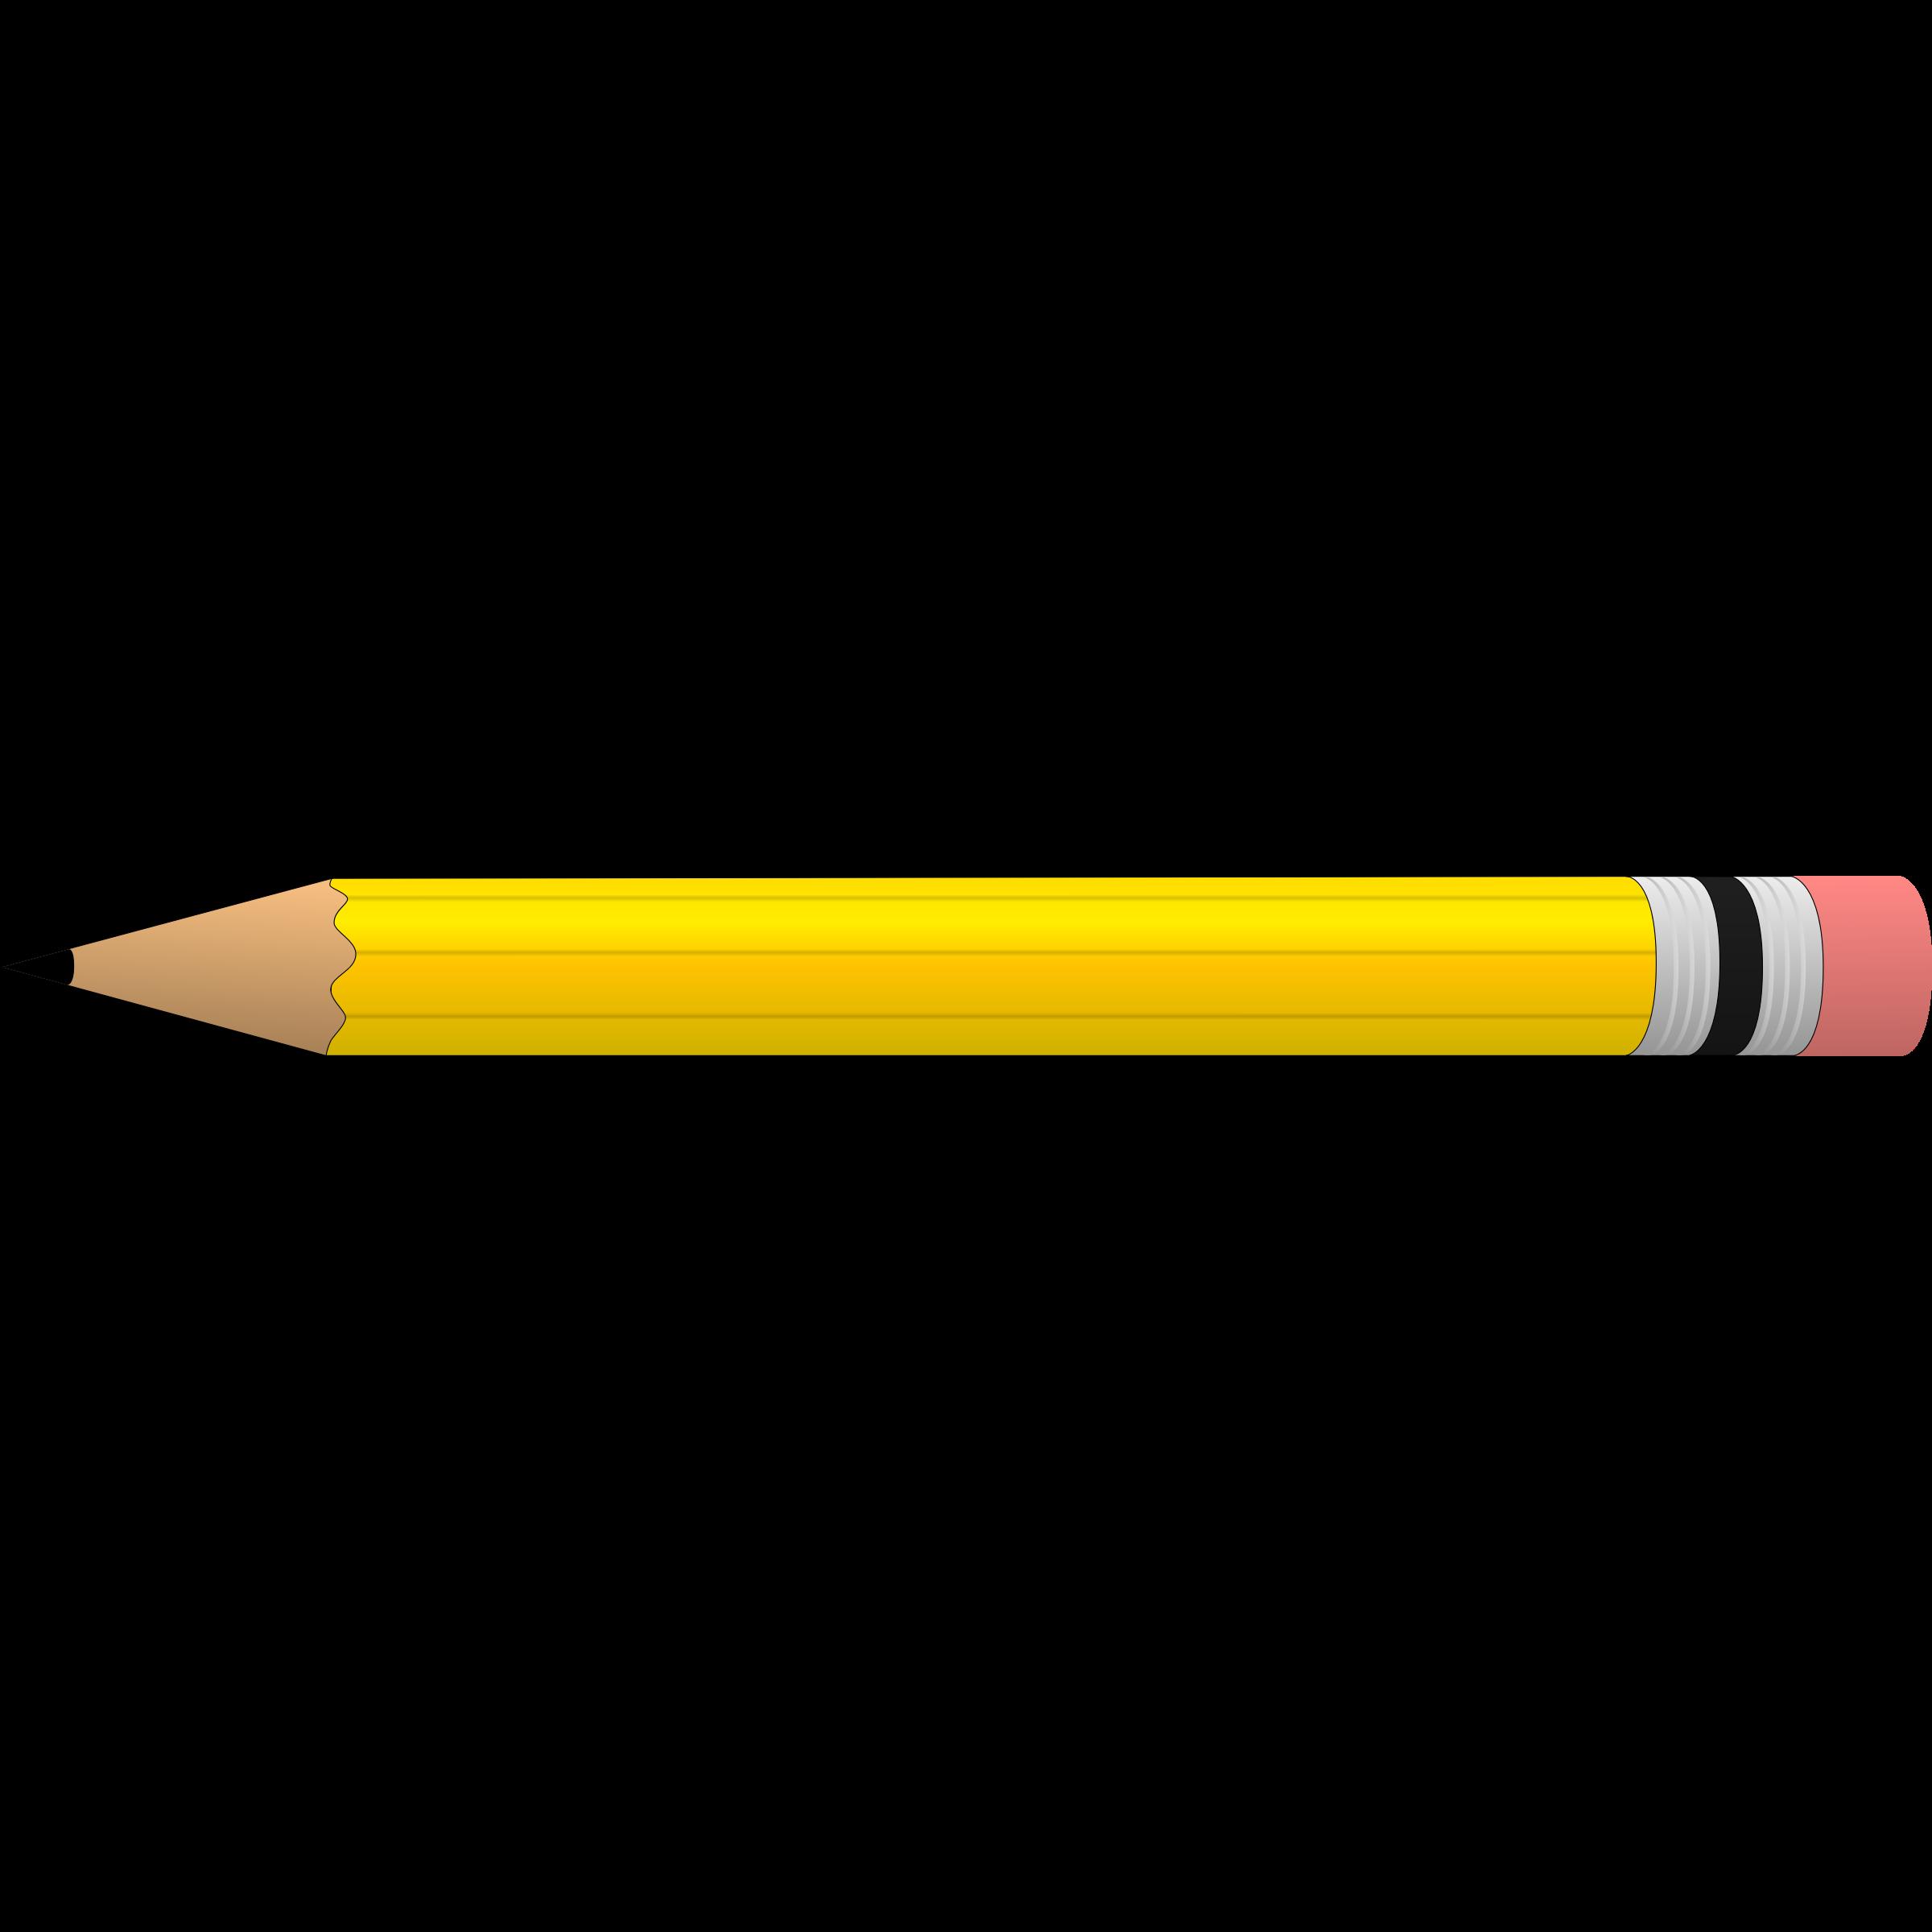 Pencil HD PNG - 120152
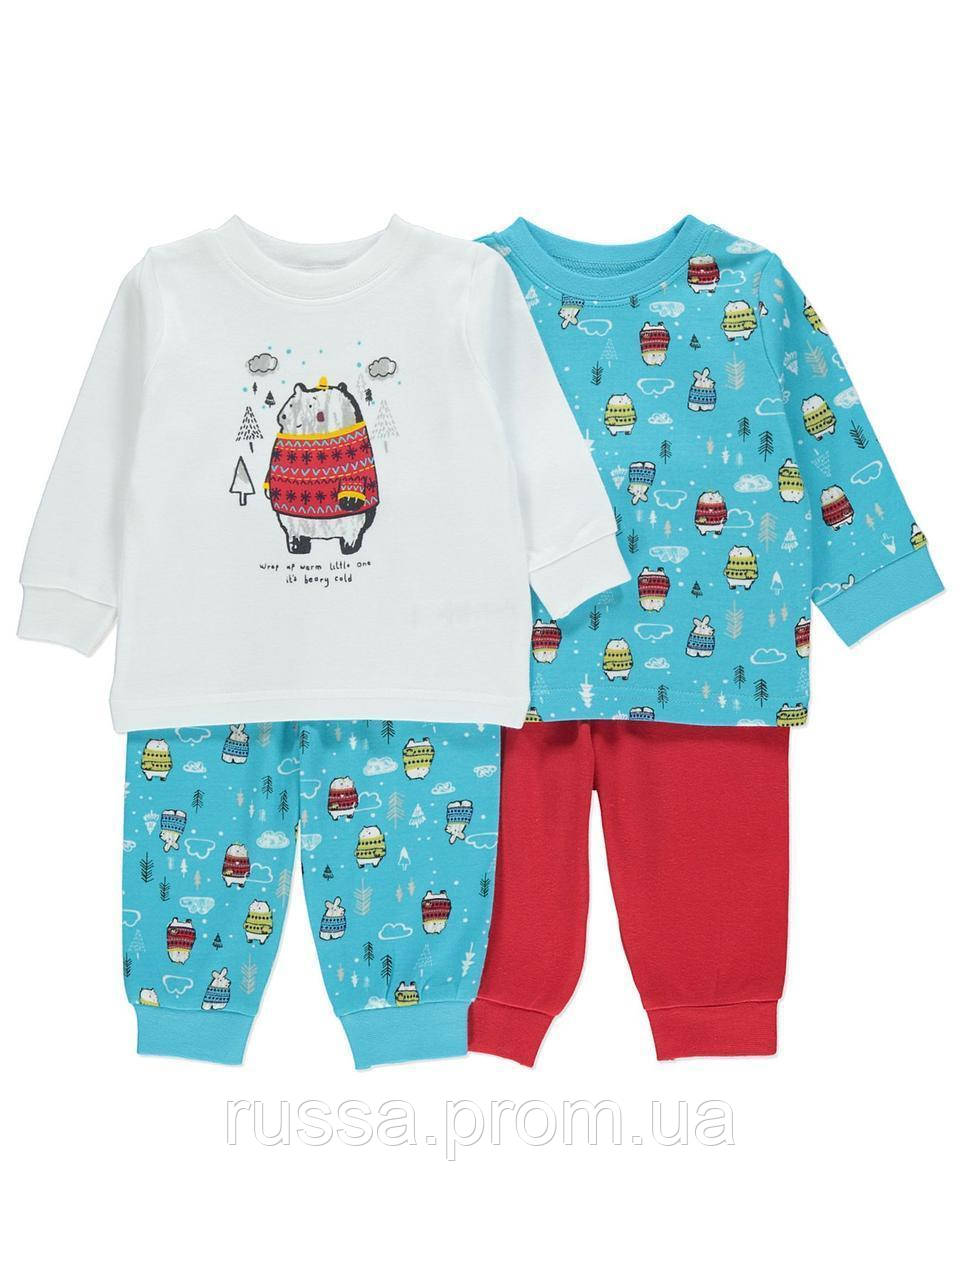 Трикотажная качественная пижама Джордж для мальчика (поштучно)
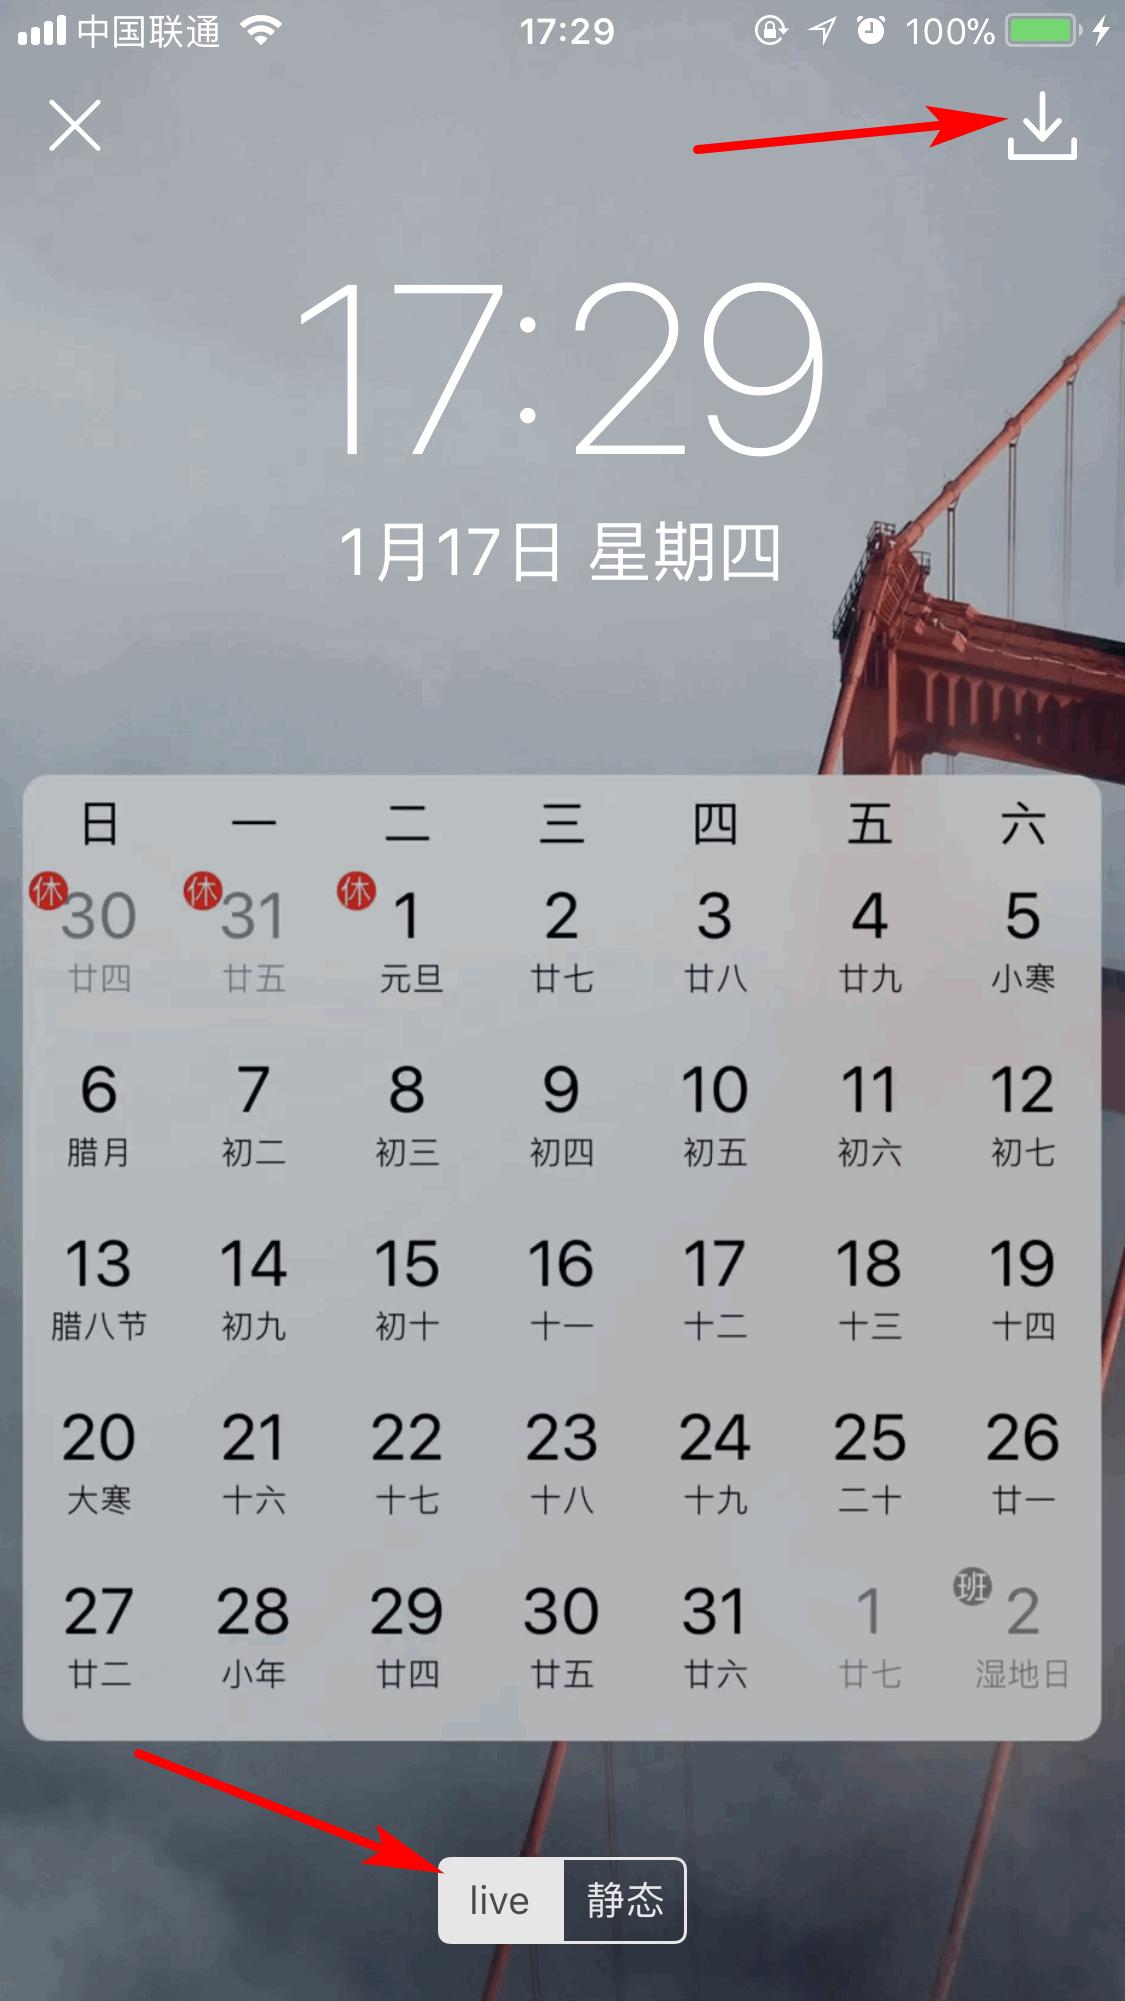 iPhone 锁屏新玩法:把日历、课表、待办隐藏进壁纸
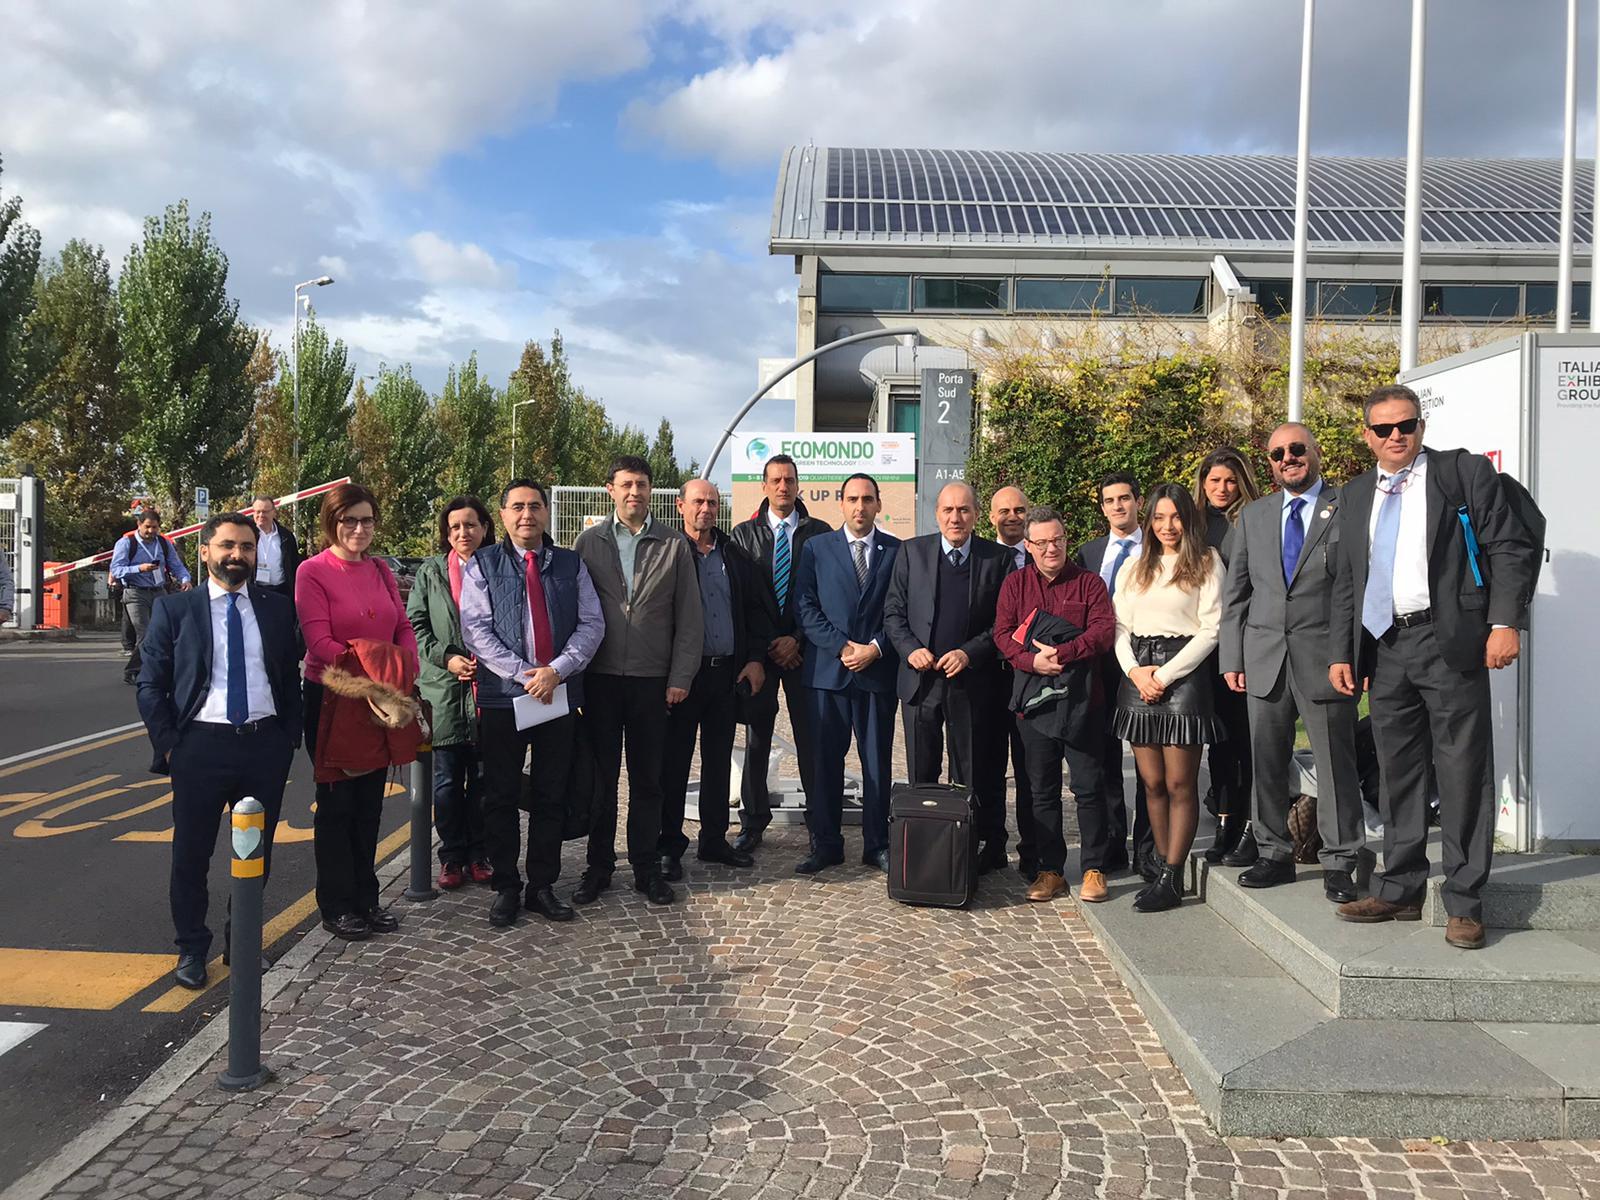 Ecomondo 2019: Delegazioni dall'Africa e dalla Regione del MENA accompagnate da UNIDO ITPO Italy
━━━━━━━━━━
Transcribe, please, the lines from the one holding "iPhone 锁屏新玩法:把日历、课表、待办隐藏进壁纸" to the final line of the material, both included, exactly and with no extra lines, and skip the pictures.

### Exercise answer
 iPhone 锁屏新玩法:把日历、课表、待办隐藏进壁纸
 Ecomondo 2019: Delegazioni dall'Africa e dalla Regione del MENA accompagnate da UNIDO ITPO Italy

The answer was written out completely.